Women's April Blog - Heart
I found out a lot about my heart recently. It’s physically well, but what about everything else that goes through my mind from outside influence, inside personal thoughts and any others reaching my heart. What about that condition? I began praying and then asking myself about its condition over the last few months.
In my home we get up, Monday-Friday quite early. There are nights, though, I don’t sleep well. Can you relate to this? If you’re like me, I hit snooze when I haven’t slept well; I won’t even divulge how many times. At some point, I noticed my heart posture as I reflected on the lack of sleep I had, the stress from previous weeks, and the fatigue I felt. As many of you know my dad was sick for a few years and he passed away recently. His health, as well as my mom passing 18 months earlier, are partial reasons for lack of sleep. But it seemed there was more …

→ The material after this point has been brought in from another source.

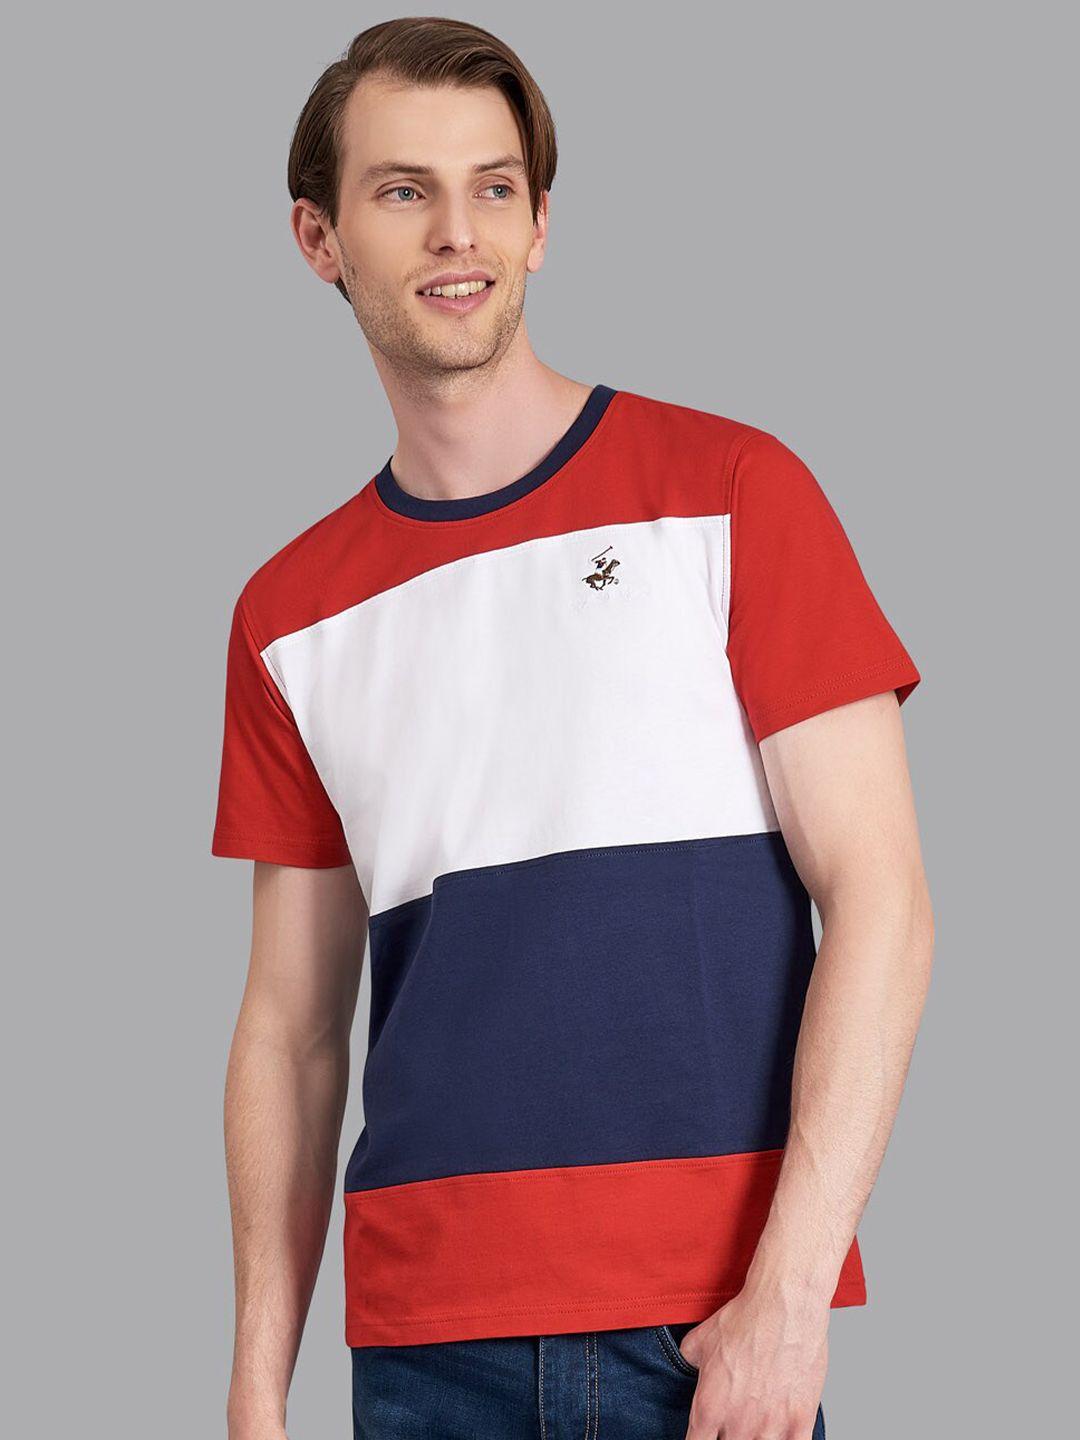 beverly hills polo club men red & white colourblocked t-shirt

I’d like to travel back to a few months ago. I was in our car, with my siblings and spouses. We had been together for an event with my dad and then all left together. As we chatted in the car, my brother and I were talking about vacation plans we had coming up, reminiscing about past vacations as well. You know the ones where you vividly remember the ocean water grazing your toes, then covering your feet, and sense feeling the beach being pulled away as the wave goes out causing the sand to sink in under your heals? These are vacations where peace and quiet are the rhythm of part, or all of your day. A place where your heart, soul and mind are at rest, soothed by your surroundings or adventure.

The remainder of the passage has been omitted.